» **DATASET EXCERPT**:
+---+

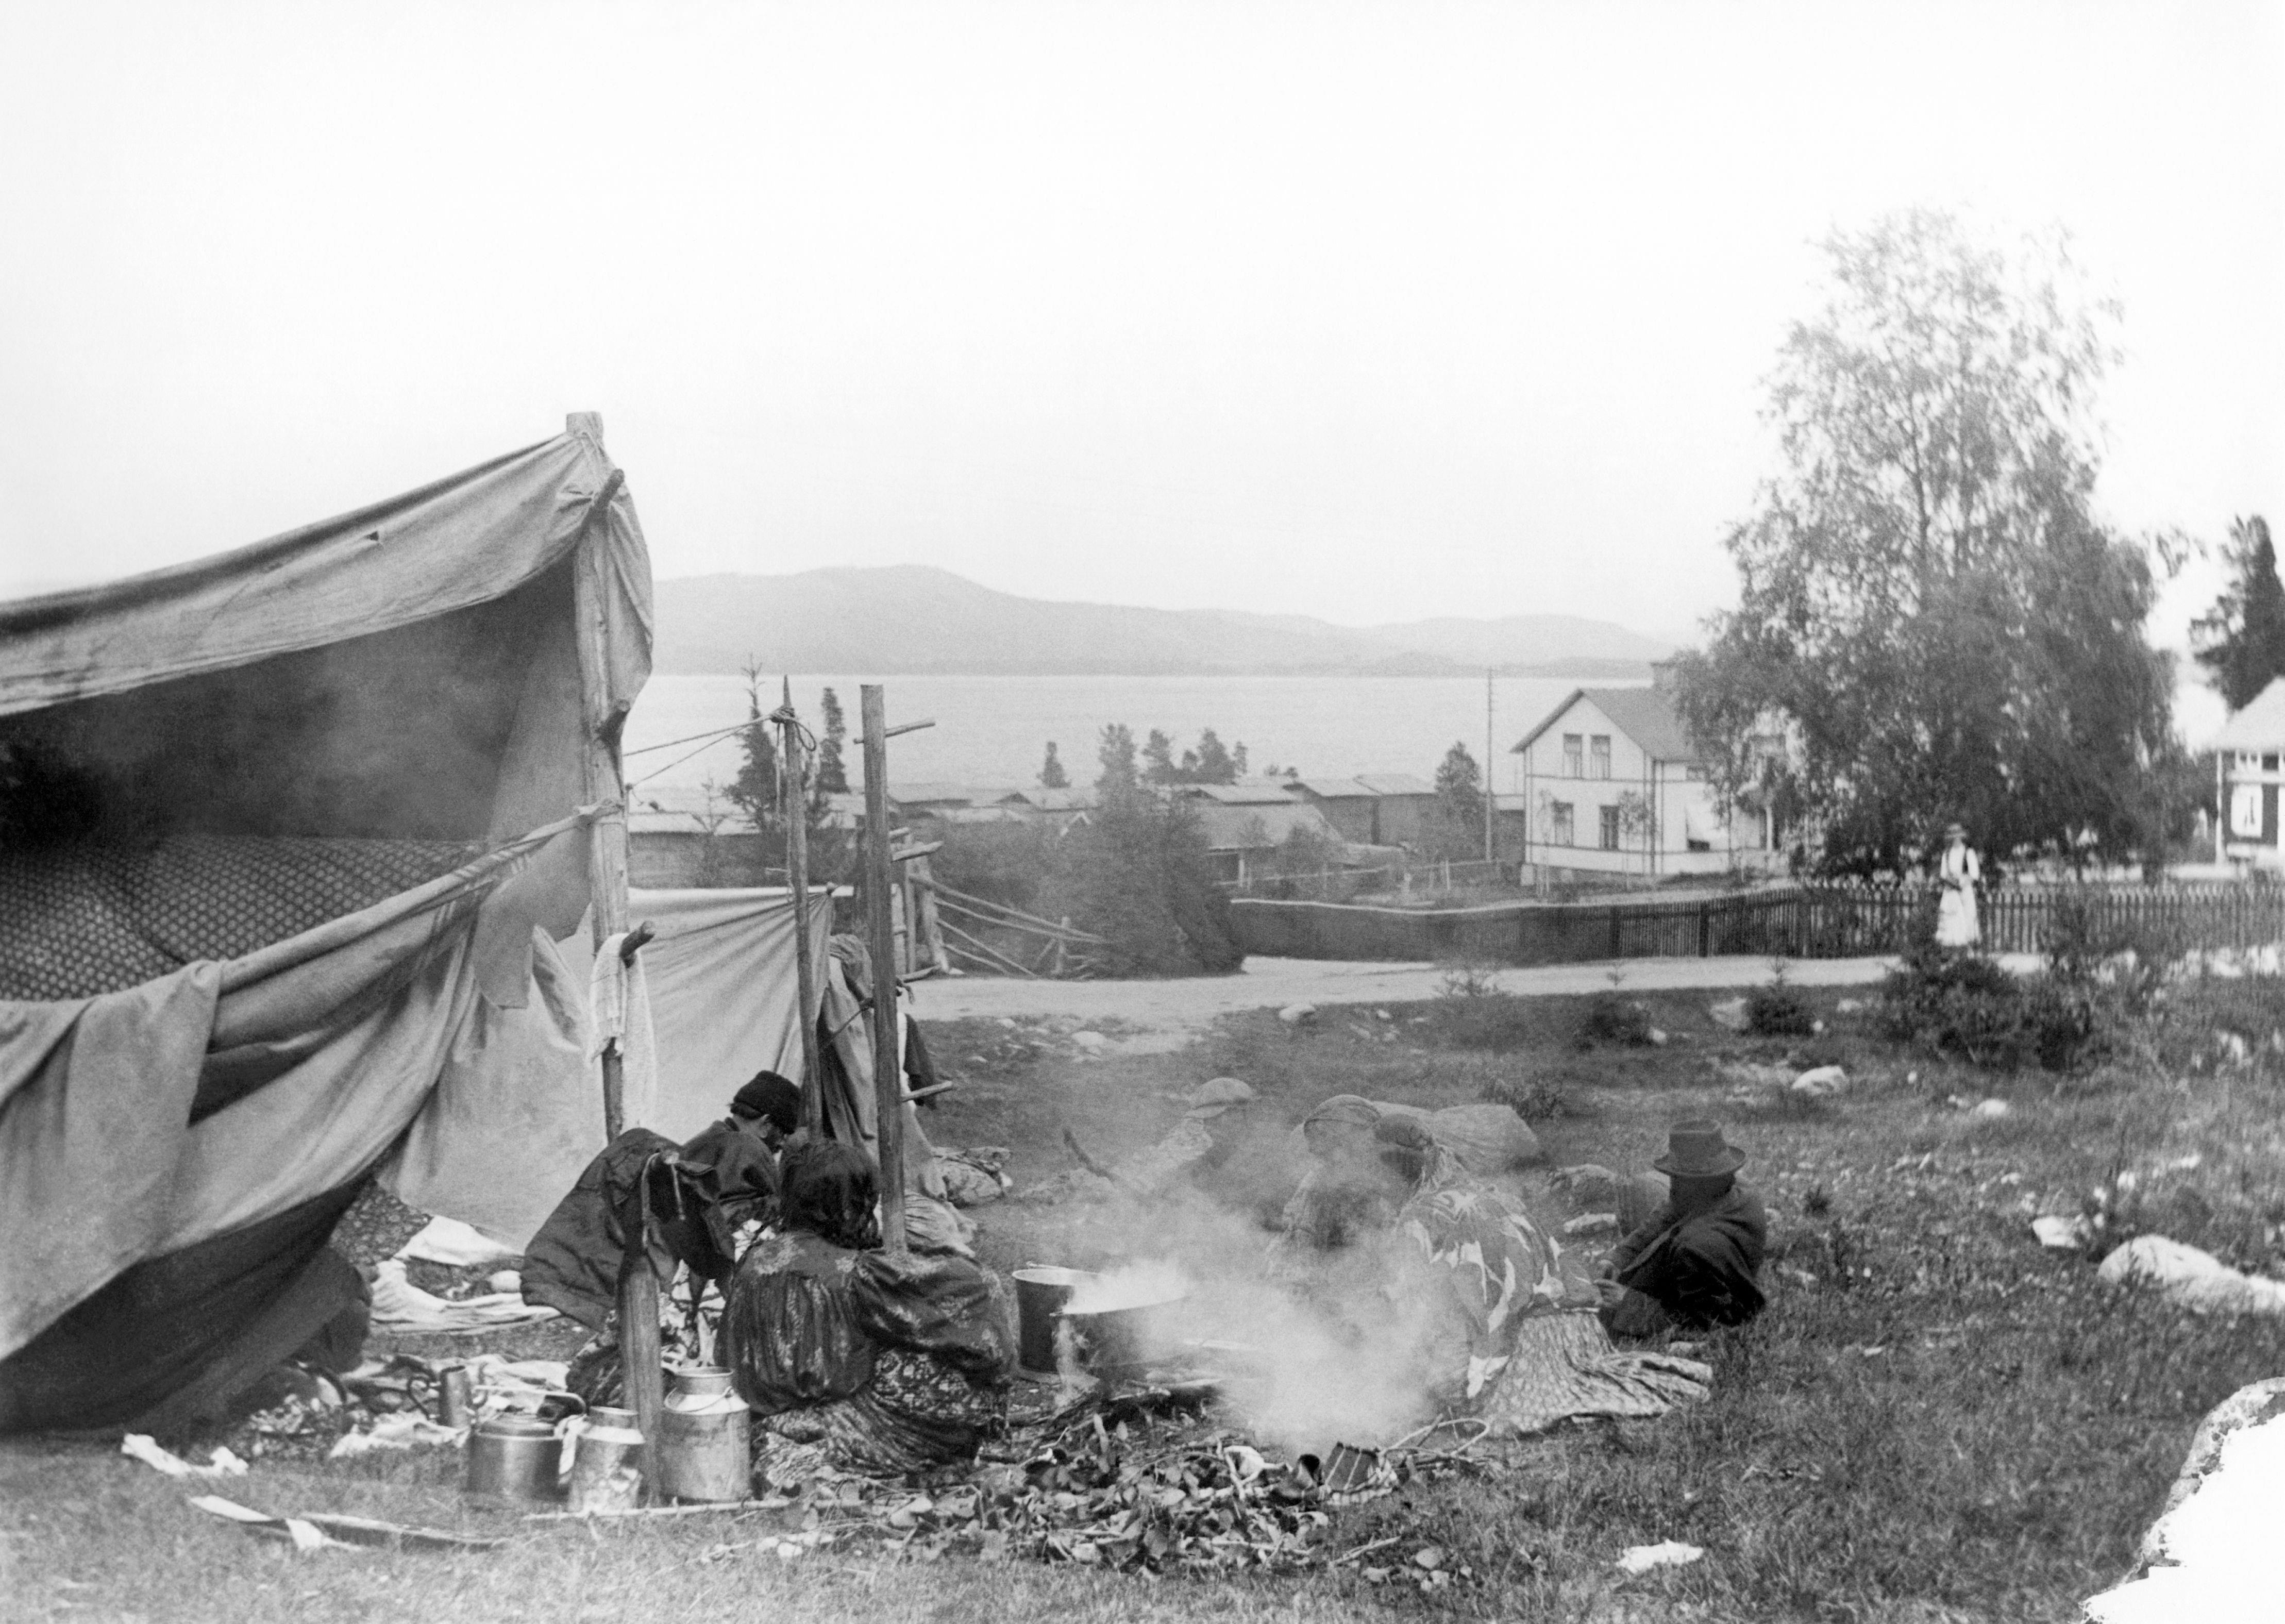 © Rengsjö Hembygdsförening, Om romsk historia i Gävleborg
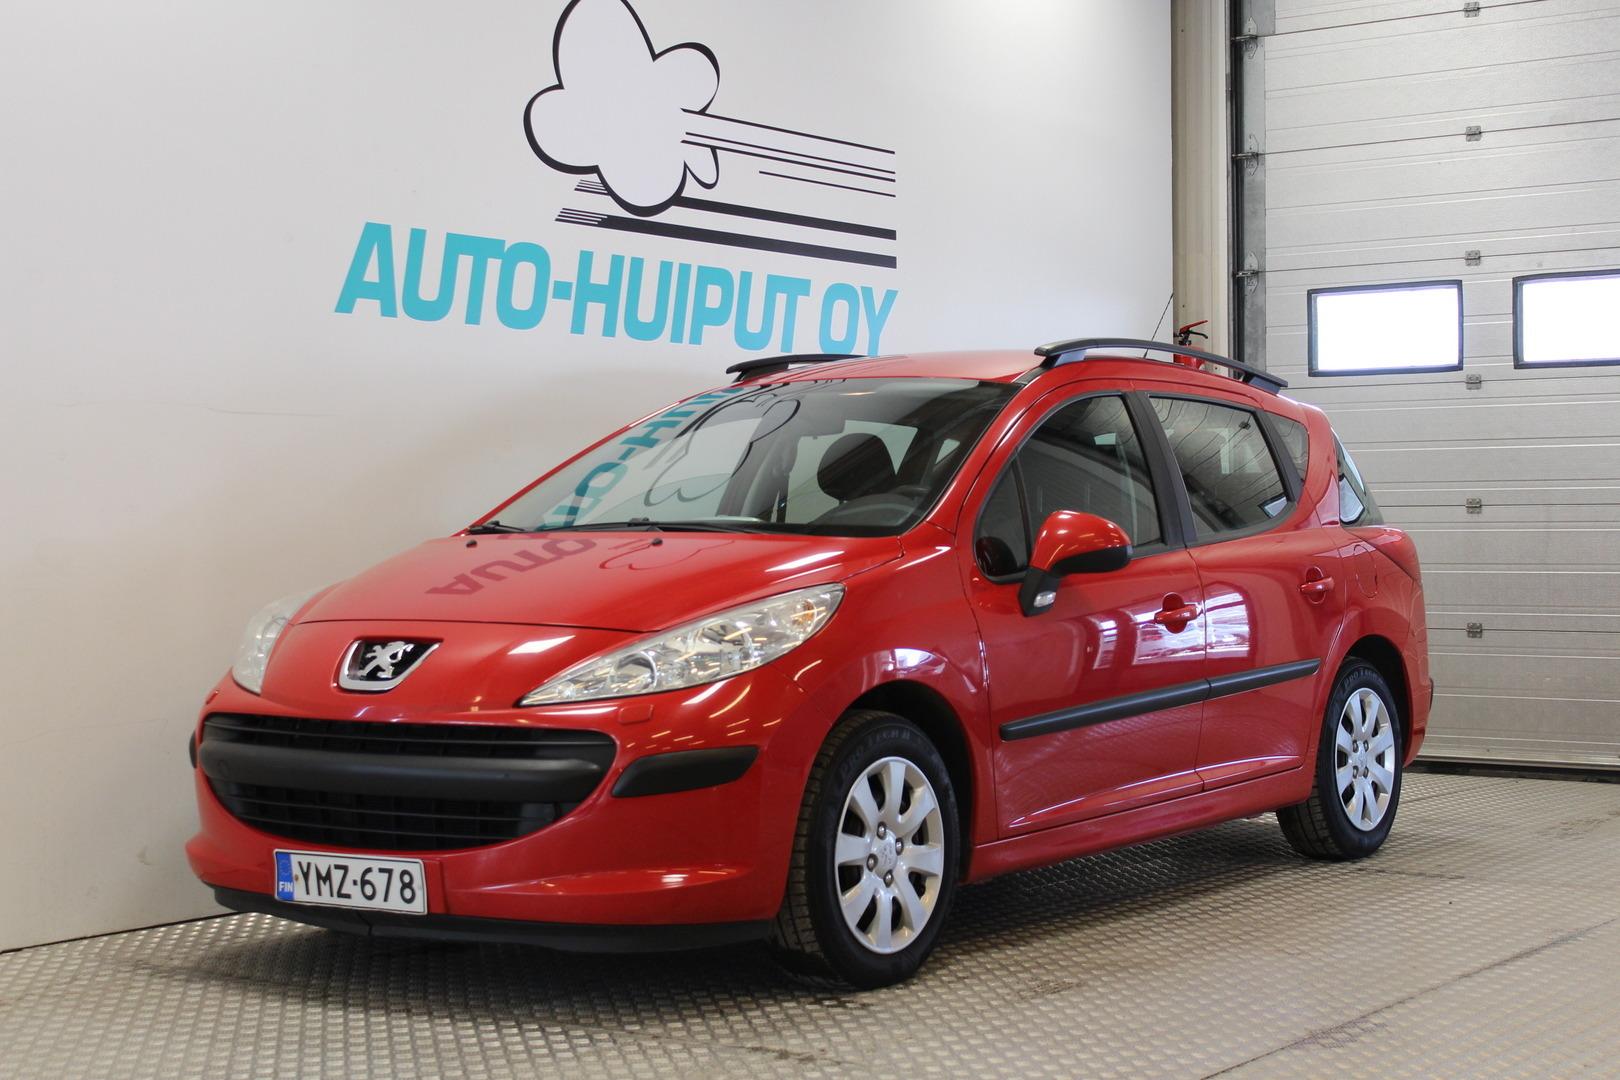 Peugeot 207, 1.6HDI 90 Wagon Trendy **Juuri tullut** #Edullinen käyttis #Vakionopeudensäädin
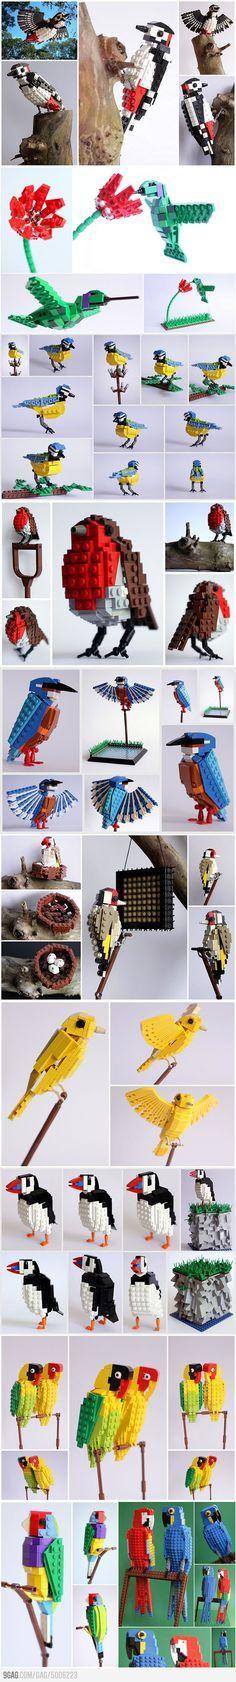 Noch ein paar nette LEGO-Vögel.
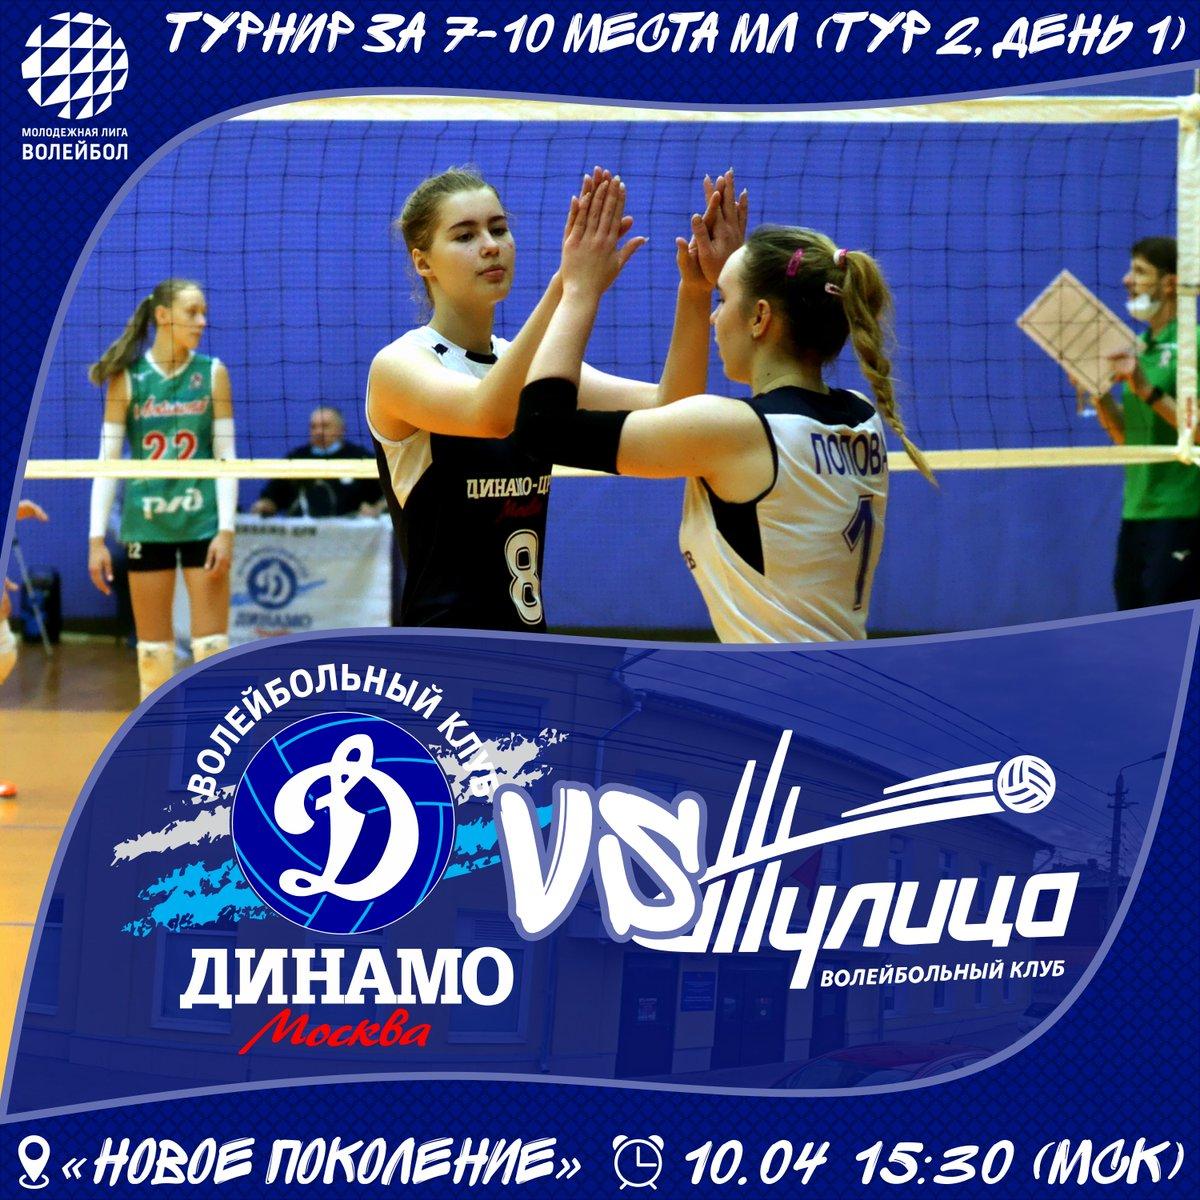 Новости волейбольного клуба динамо москва ночной клуб дискотека казань

+---+

» **DIRECTIONS FOR THIS TASK**: Reproduce the data exactly as it appears above. Pictures are to be left out.

» **SOLUTION**:
 © Rengsjö Hembygdsförening, Om romsk historia i Gävleborg
 Peugeot 207, 1.6HDI 90 Wagon Trendy **Juuri tullut** #Edullinen käyttis #Vakionopeudensäädin
 Noch ein paar nette LEGO-Vögel.
 Новости волейбольного клуба динамо москва ночной клуб дискотека казань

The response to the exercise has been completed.